> _Problem statement_: Reproduce exactly, and only, the lines of the material below running from the line bearing "A Nicole Groult" through the line bearing "без правил. Хроники". Leave any pictures out.

> _Records for the task_:
══════

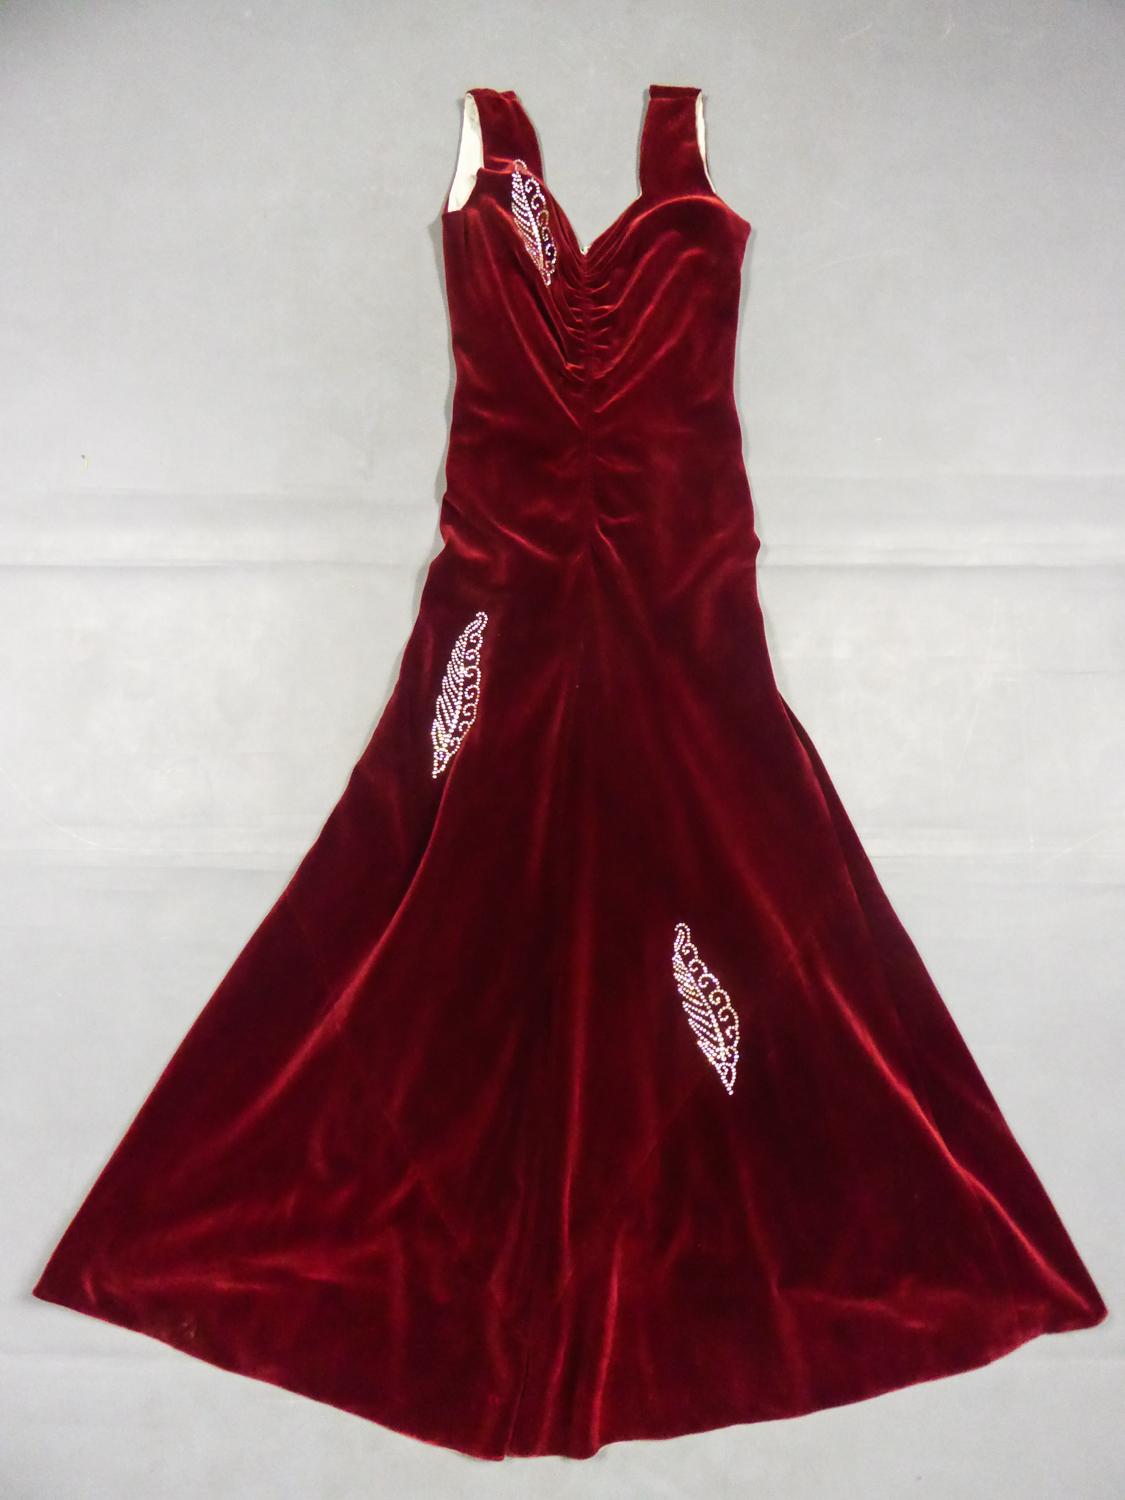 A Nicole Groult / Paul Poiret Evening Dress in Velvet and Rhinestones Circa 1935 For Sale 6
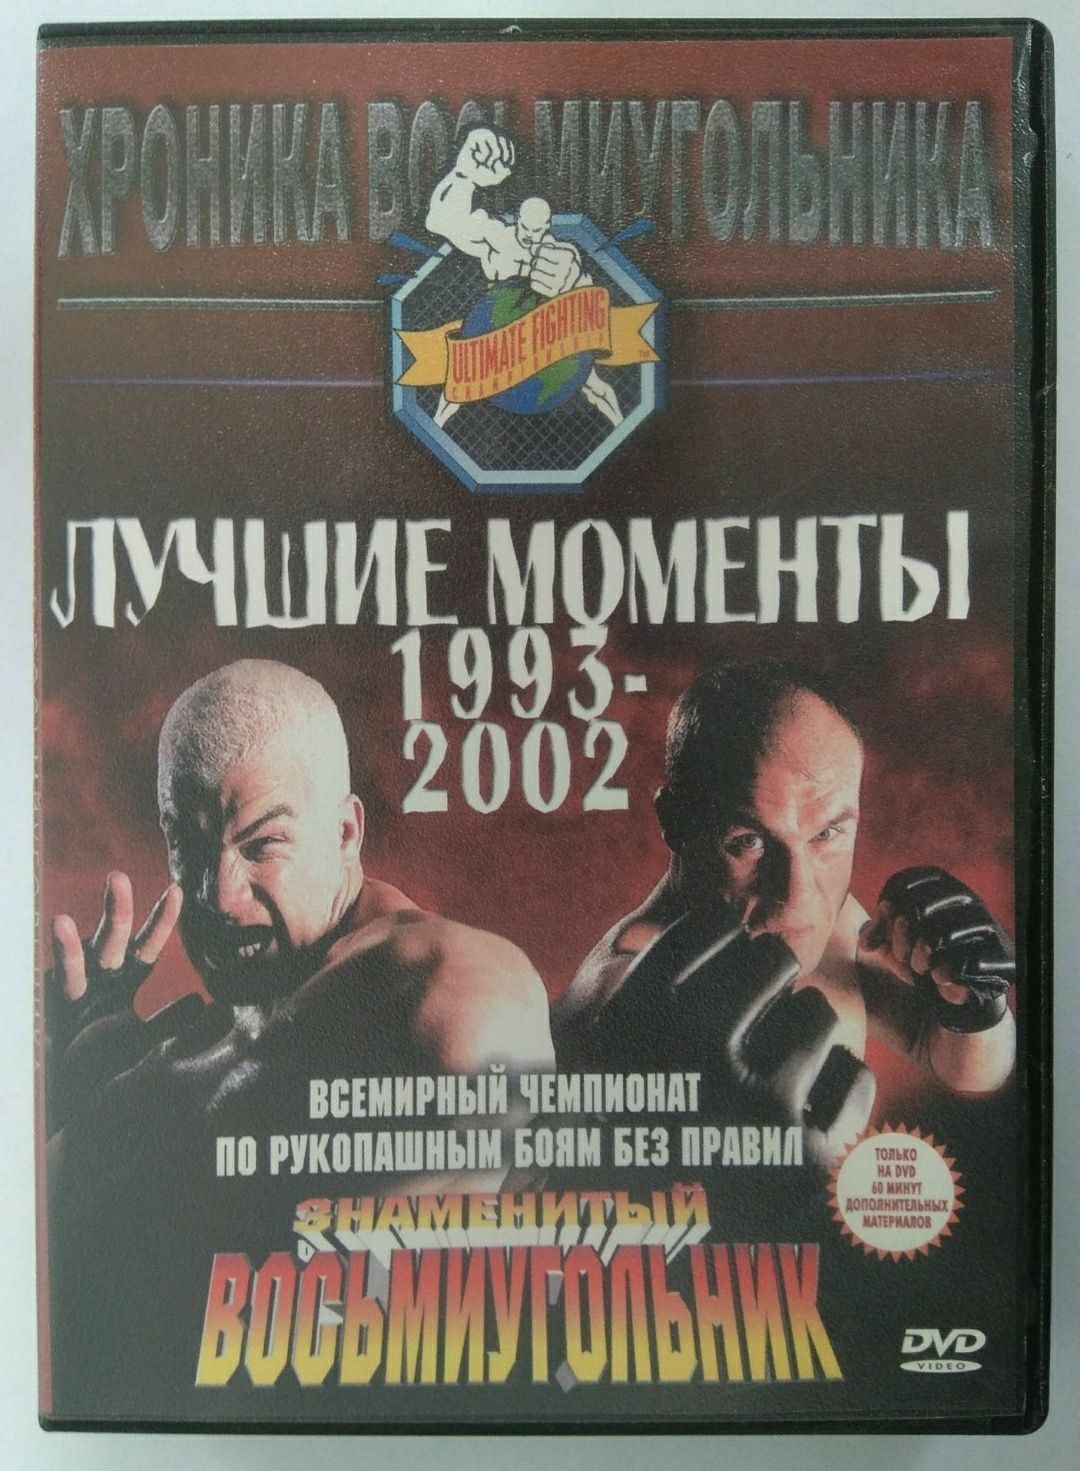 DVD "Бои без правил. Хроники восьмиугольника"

══════

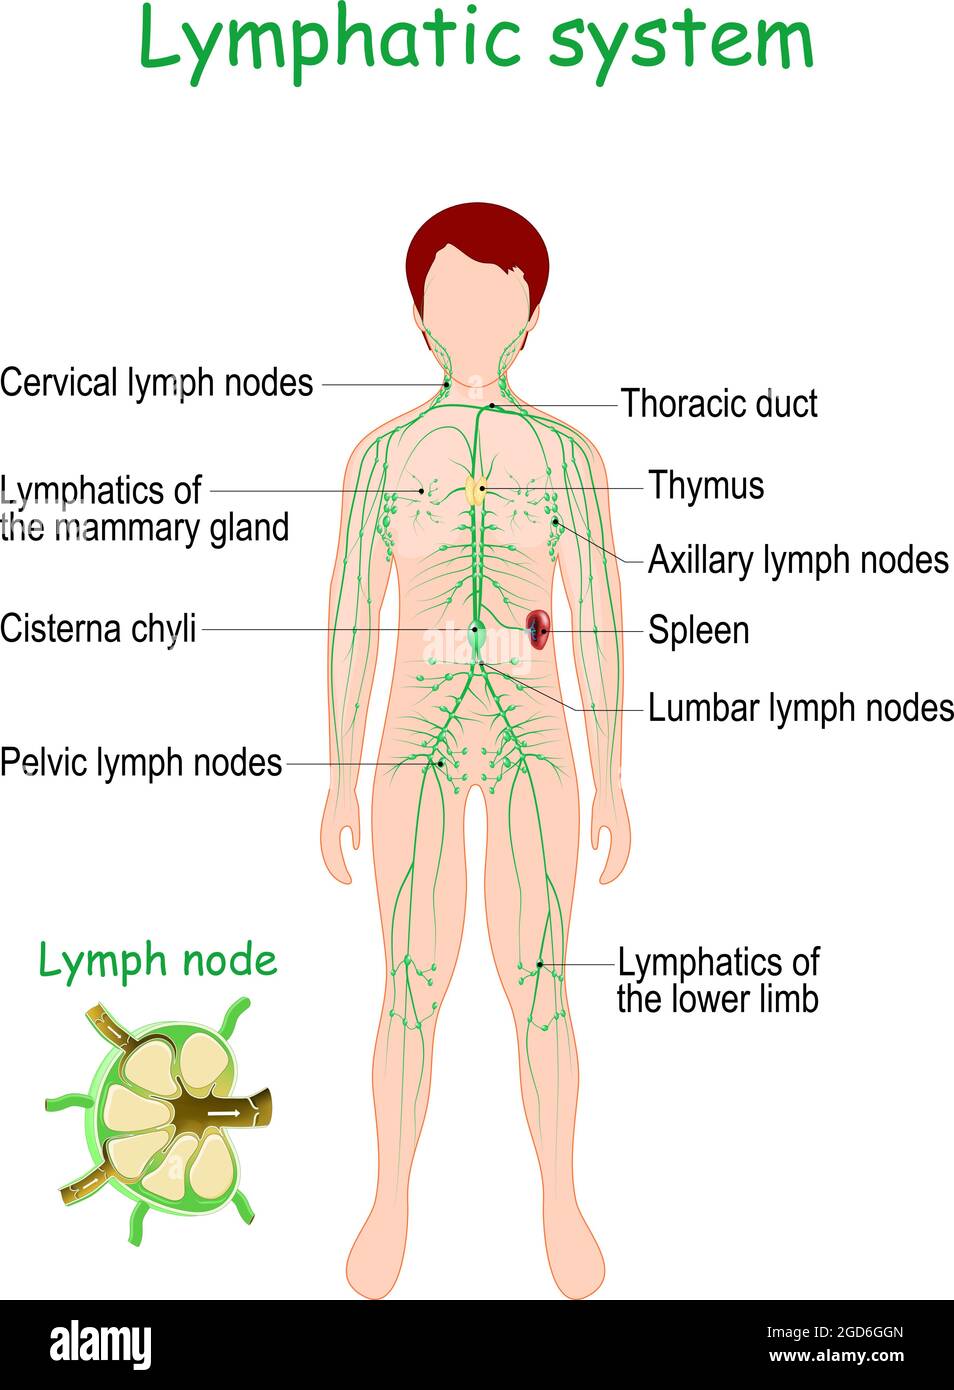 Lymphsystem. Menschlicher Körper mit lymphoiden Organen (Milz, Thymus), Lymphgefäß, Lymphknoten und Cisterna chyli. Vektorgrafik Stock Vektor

══════

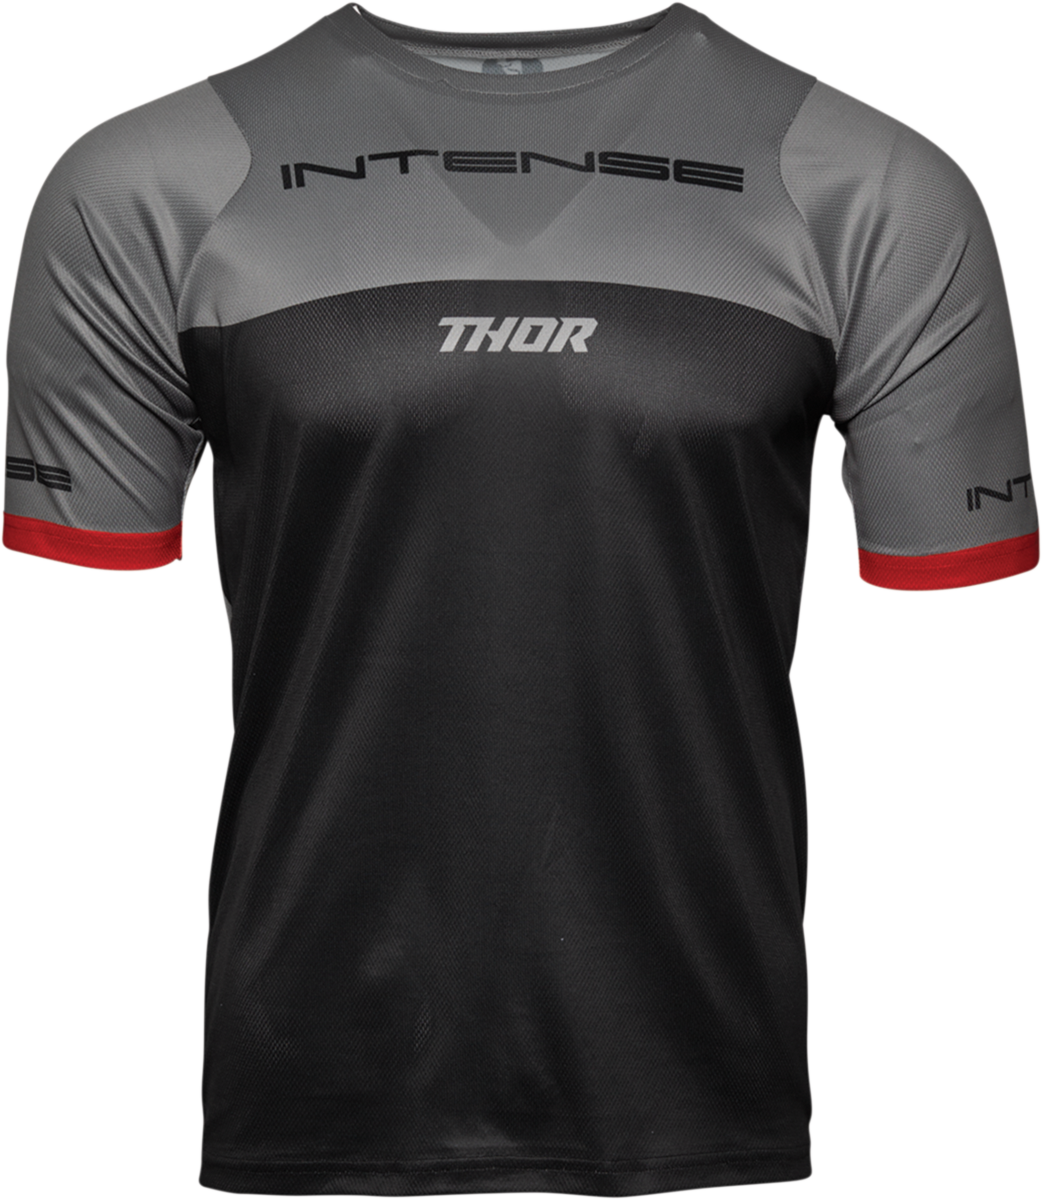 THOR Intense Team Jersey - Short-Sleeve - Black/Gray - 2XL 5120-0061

══════

> _Exercise result_:
 A Nicole Groult / Paul Poiret Evening Dress in Velvet and Rhinestones Circa 1935 For Sale 6
 DVD "Бои без правил. Хроники восьмиугольника"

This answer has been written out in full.